A strong faith is not an insurance policy against danger or suffering or struggle. I thought that way as a child -- that I could conquer all things with God by my side. Now, not so much. Great faith, small faith -- meh. 

"Life is suffering," said the Buddha (though in truth the concept of dukkha is more subtle than that). Awful things happen, whether you have faith or not, and faith won't erase the wounds. After Jesus' resurrection the disciple Thomas declared he would acknowledge the risen Christ only if he could touch the wounds in his hands and feet, put his hand on the place where the spear had slashed Jesus' side. 

It's the wounds that matter, scarred, healed over, but still vibrating with the wounds of the world. It's in the hurt, questioning places that even a "little" faith gasps, breathes, lives. Why? Because Jesus meets me here, wounded, suffering, compassionate. And it's where I meet others, in that boat that's never quite still in BWV 81. 


Wednesday, December 20, 2023

Writing about faith

It is not easy to write about the contradictions in life's spiritual dimensions. They are best held lightly. Don't explain too much: 

        Joy does not equal happiness; it's deeper and different. 

        Hope is not the same as optimism; hope is what carries you when there is no room for optimism. 

        Light shines in darkness, both inside and out. 

        Grace is at work even as we are dying, our whole life long. 

        Somewhere, in some other dimension, there is the peace of God; yet we pray for peace on earth. 

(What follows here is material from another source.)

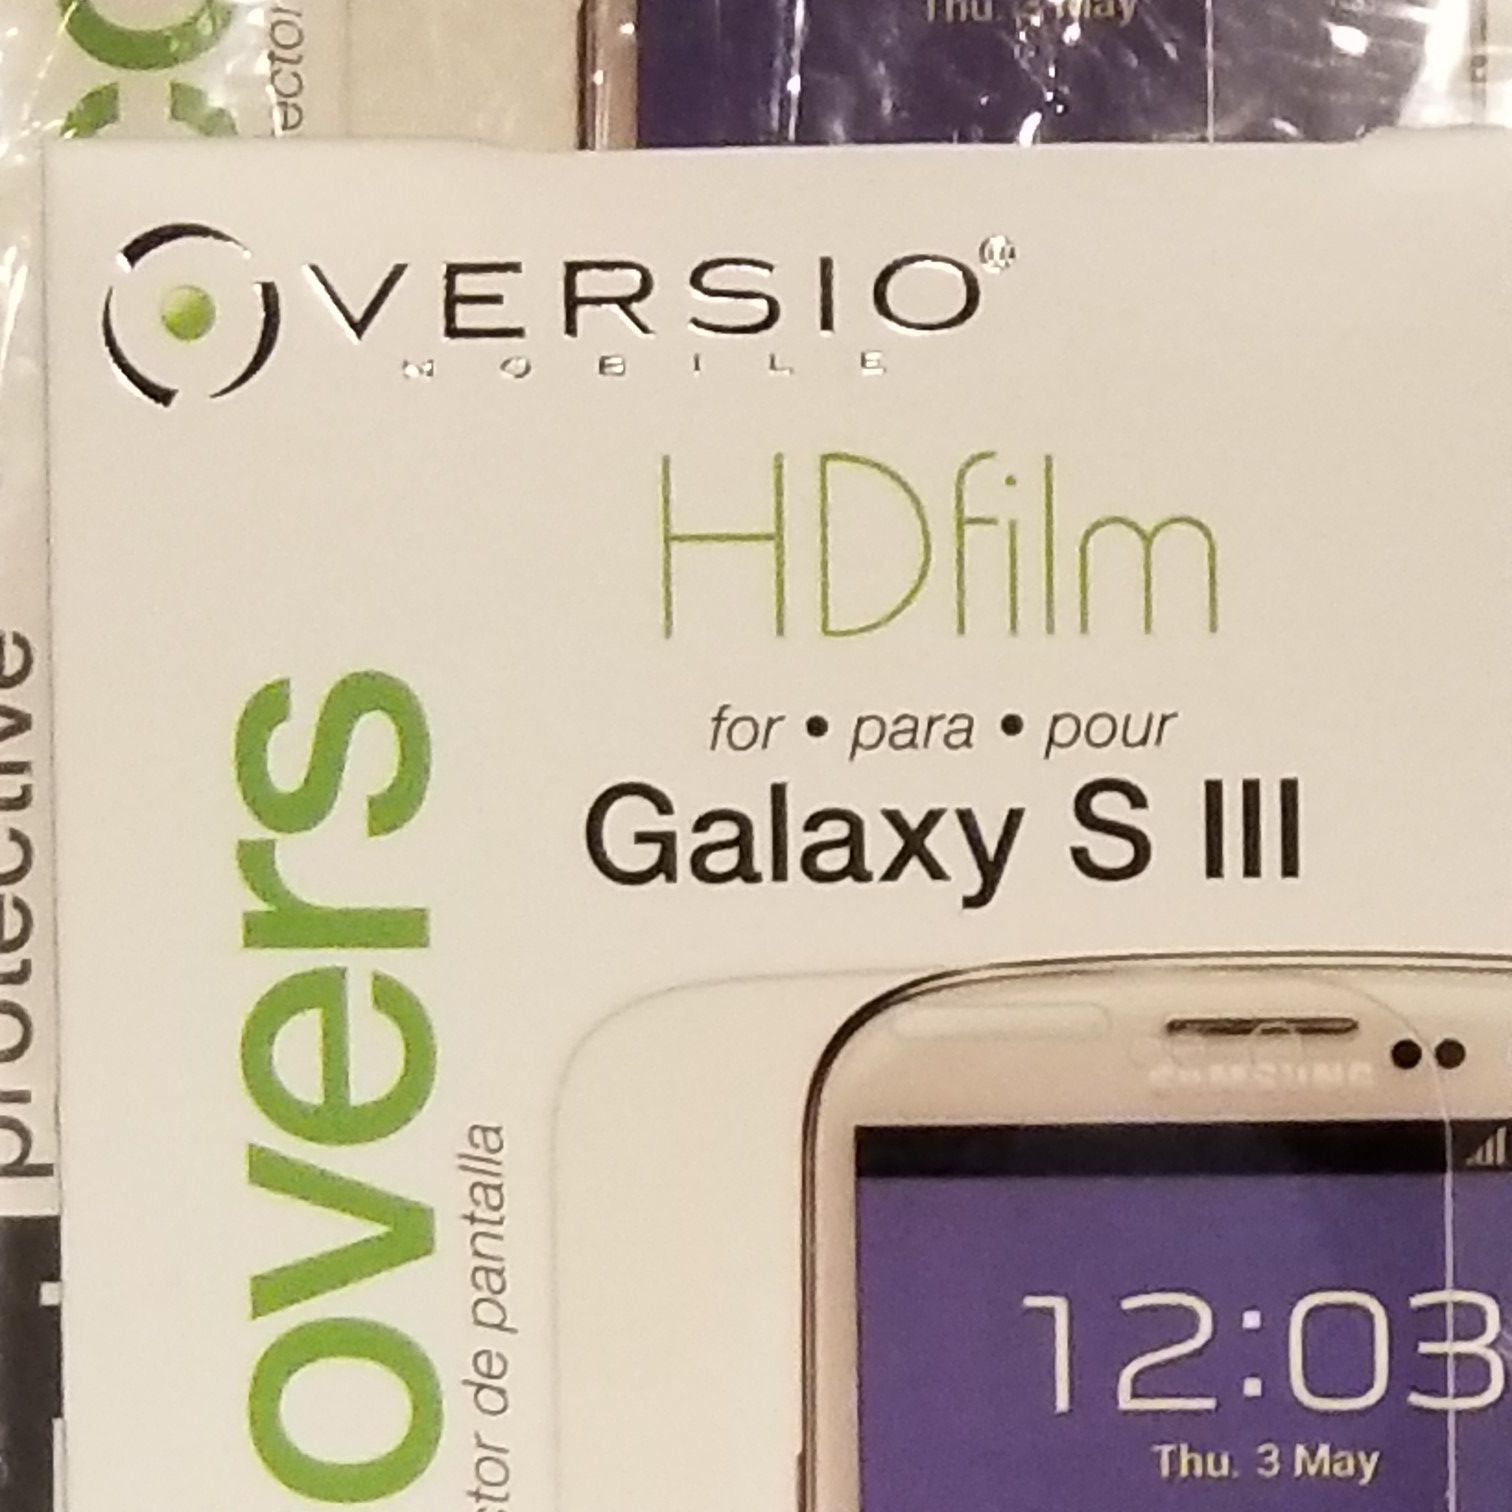 Galaxy S III HD FIlm 3 packs over 500 packs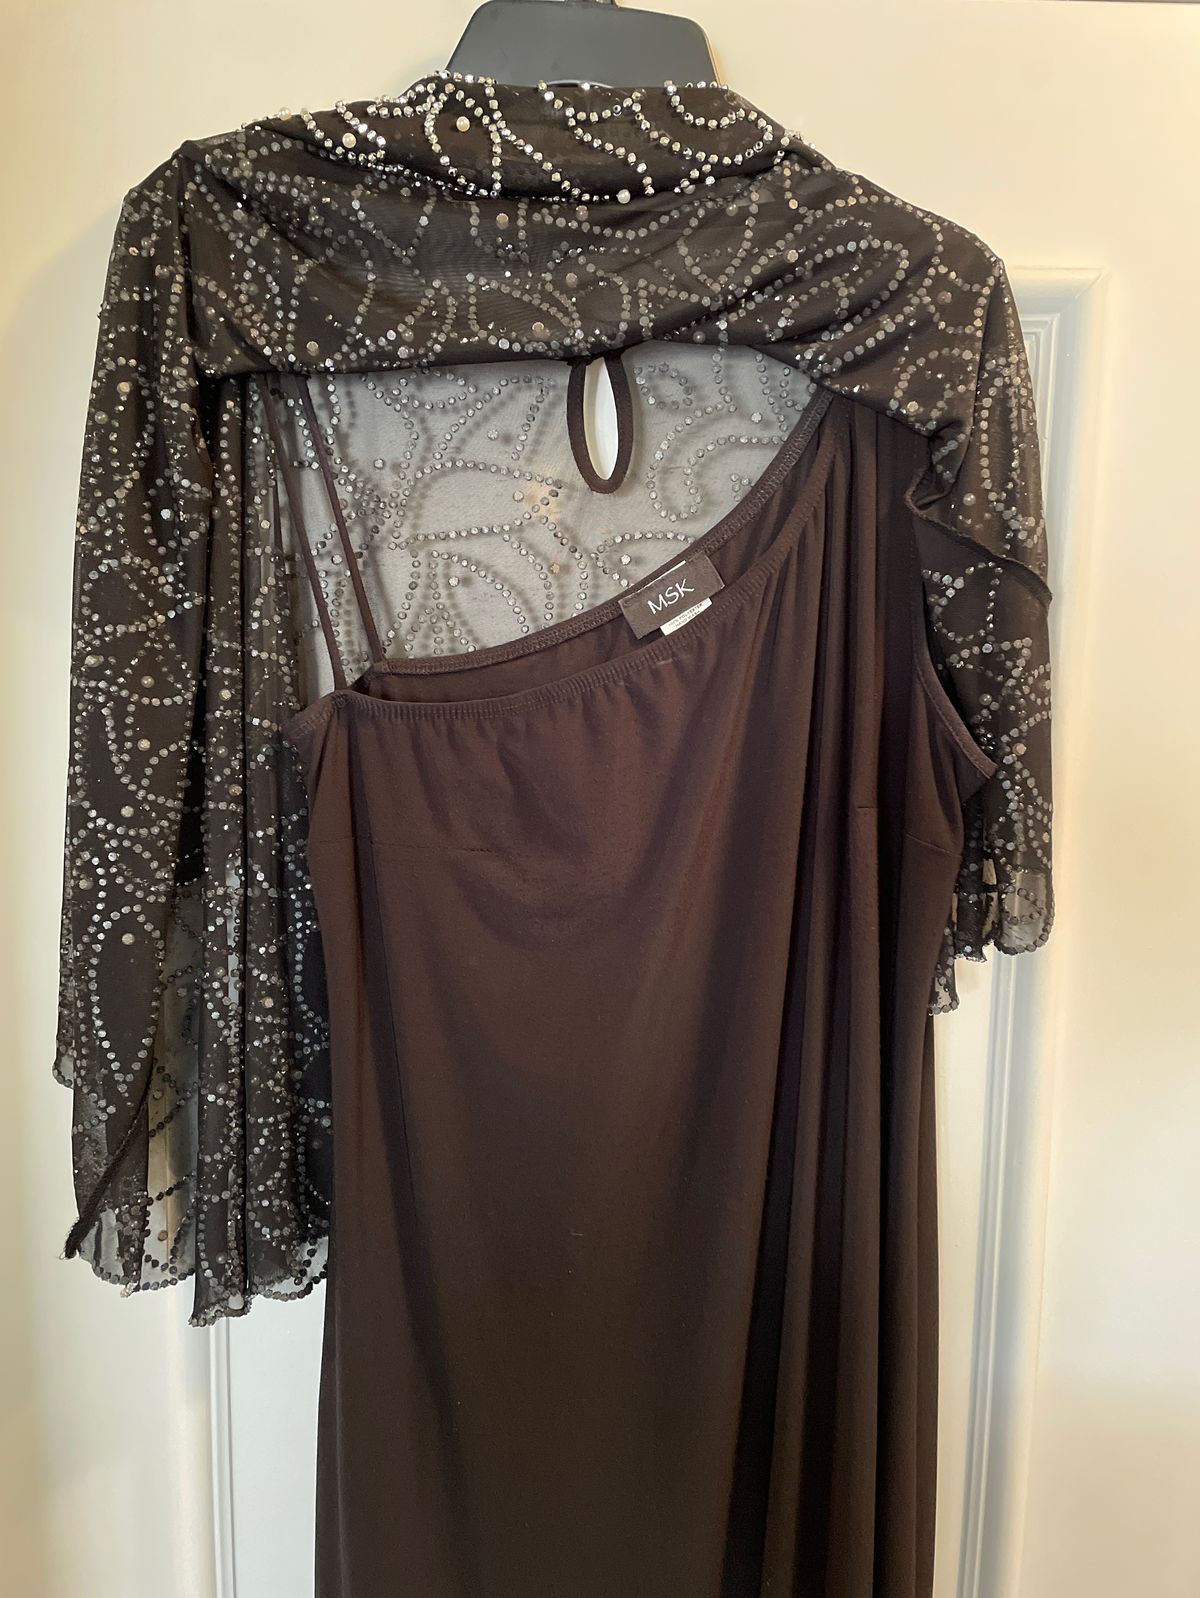 Style 3013451D MSK Size L One Shoulder Black A-line Dress on Queenly

Enough said. Hold these things lightly and don't explain too much. 

Write of paradox in the third person and let readers fill in their own story. It is good exercise to puzzle these things out. 

If you must write "I" and tell your truth, plumb carefully, probe and question. Search for what you truly are and own. Write what will invoke, not what you think will impress. 

Use few words, but strong images. 

Know when to stop.

 


Sunday, December 03, 2023

Plugging in the Advent candles

"Winter sunset" by Irene Grassi (sun sand & sea) is licensed under CC BY-SA 2.0.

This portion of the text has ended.